Often the odds seemed stacked against my survival, but my parents still committed all of their love. Questions of whether they would be able to see me grow stronger, reach my first birthday, or my high school graduation crossed their minds every day. What kind of music, sports, and ice cream will our daughter like? Typical questions that other parents would certainly find answers to in time. Yet, for parents of premature babies, there is a fear of not having enough time with the child.

I admire that when facing this uncertainty, my parents acted with courage and hope, holding on to that silver lining. And even though they initially did not know how to care for a baby so small and with specific health needs, they took every opportunity to be involved and to learn.

After the stressful months at the NICU, I was finally permitted to go home – but it was not smooth sailing yet! Every night my parents’ sleeping was interrupted with the crying of a baby who did not want to rest (or cooperate during meal times, baths, or trips in the stroller for that matter). During elementary school, guess who had to help out on projects about pioneers, prairie dogs, model cars, and Costa Rica? Dad and Mom.

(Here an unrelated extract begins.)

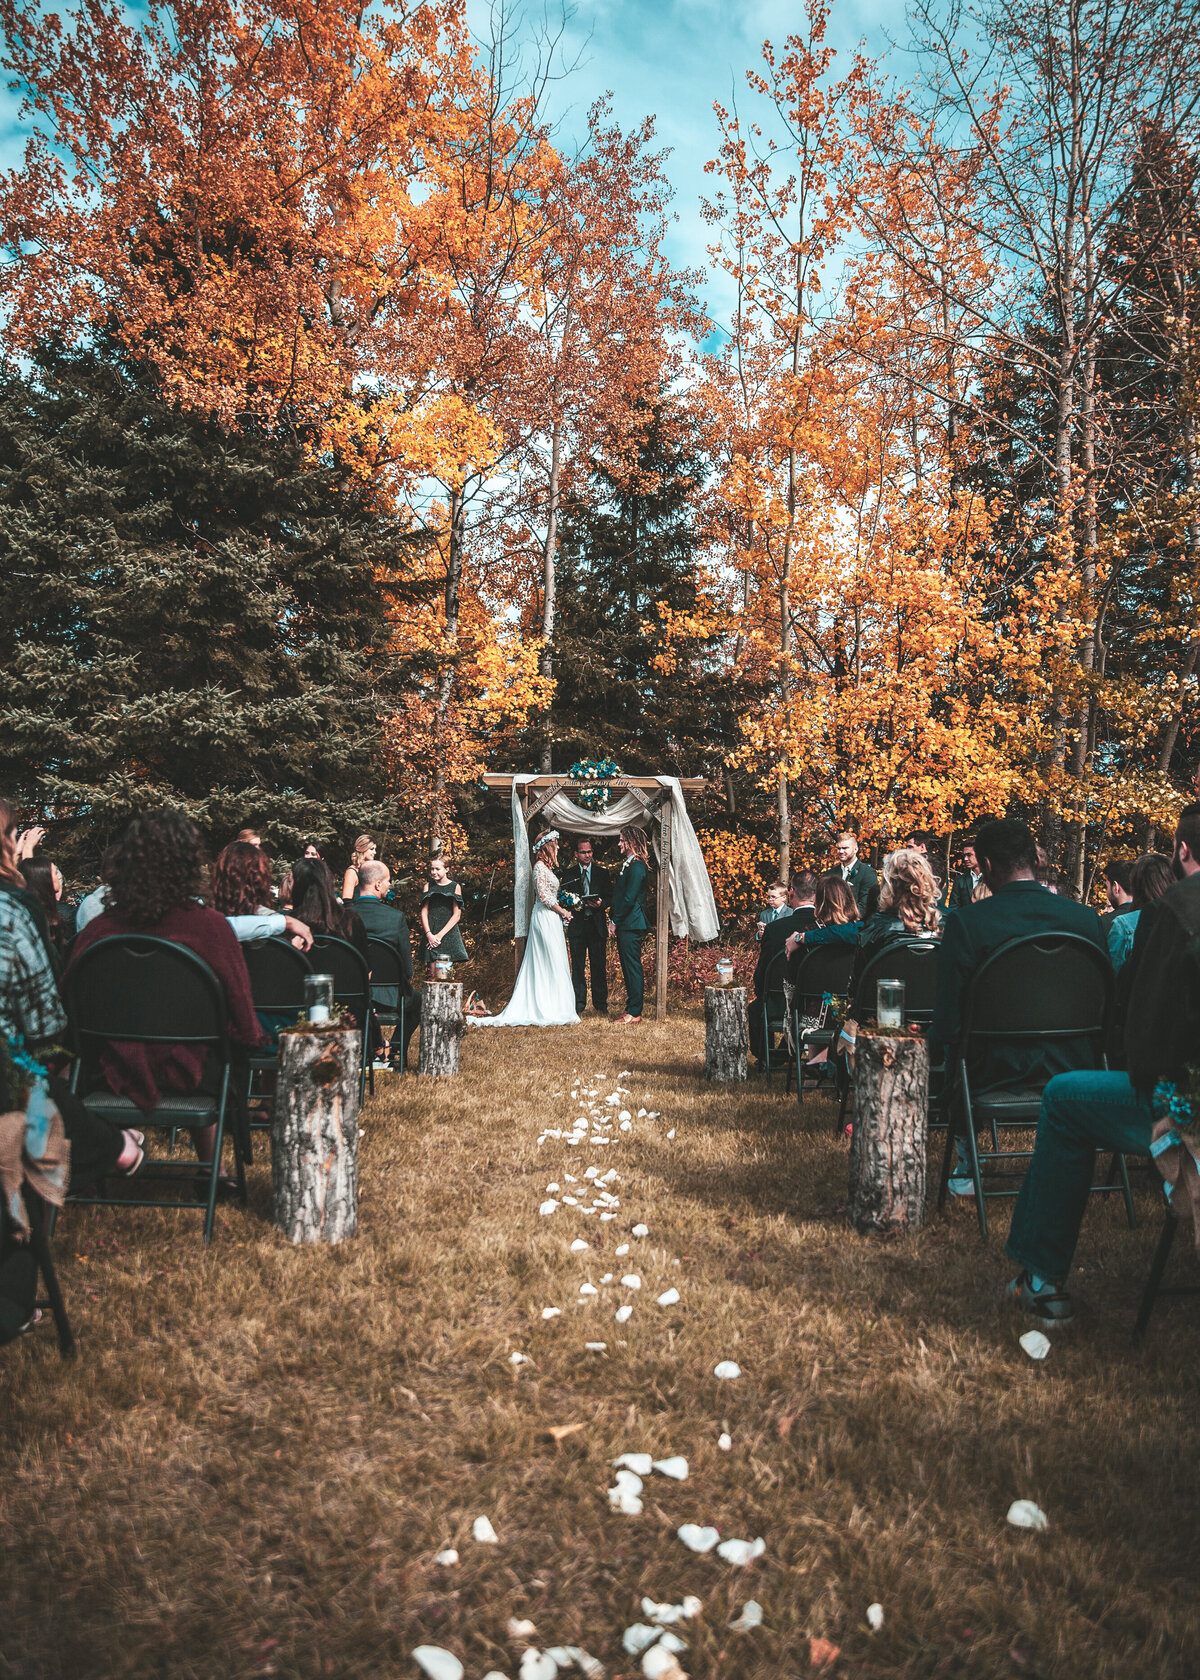 A couple get married outdoors in front of the guests on a grass aisle by a forest in Canada.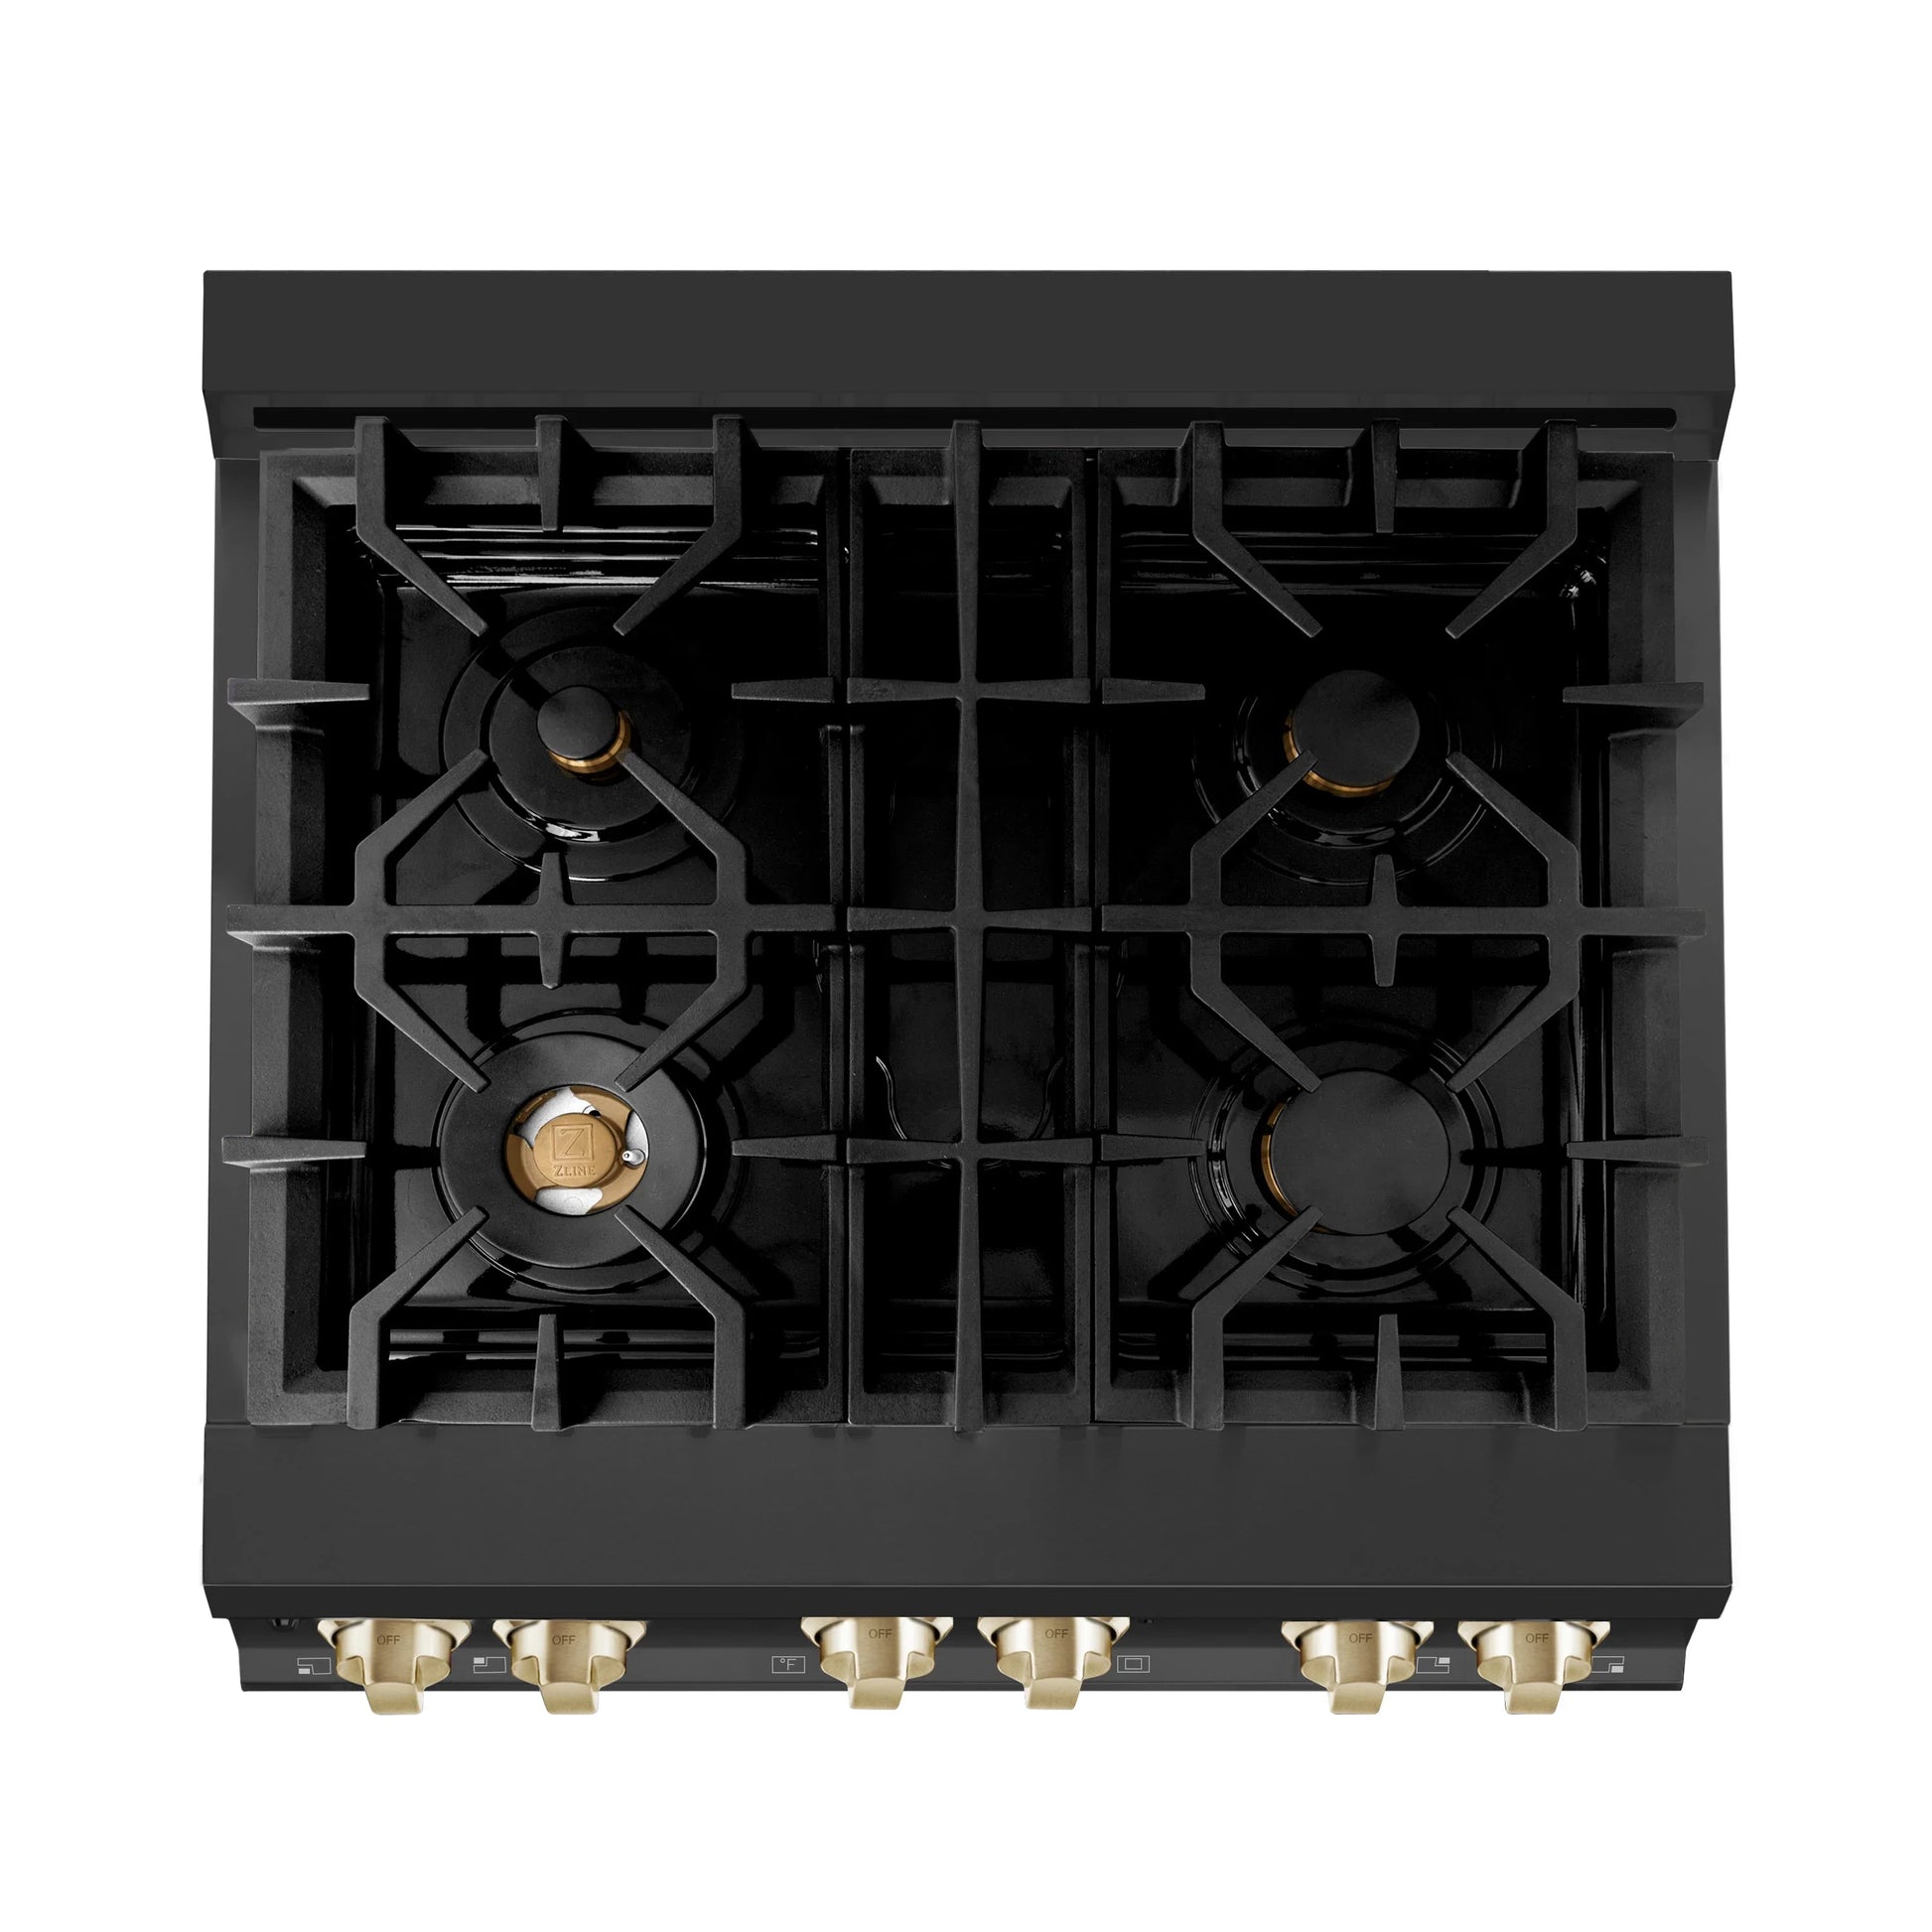 ZLINE Autograph Edition 30" Dual Fuel Range with Gas Stove and Electric Oven - Black Stainless Steel, Gold Accents

Fast forward to this September, and I will be entering my fourth year of undergraduate study in the Arts and Science Program at McMaster University. Now it seems that I am the one asking a lot of questions: in which direction is my career, and how am I to tackle this thesis? Despite living more than an hour’s drive away from home, they visit me on weekends, bring me delicious food, and are quick to offer sage advice.

This story began on a slippery slope, but I am grateful for where we are today. The small scars on my arms and heels from the needles I had relied on almost 21 years ago in the NICU still remind me that life is a gift. Above all, the scars remind me of the support, strength and unconditional love of my parents since day one.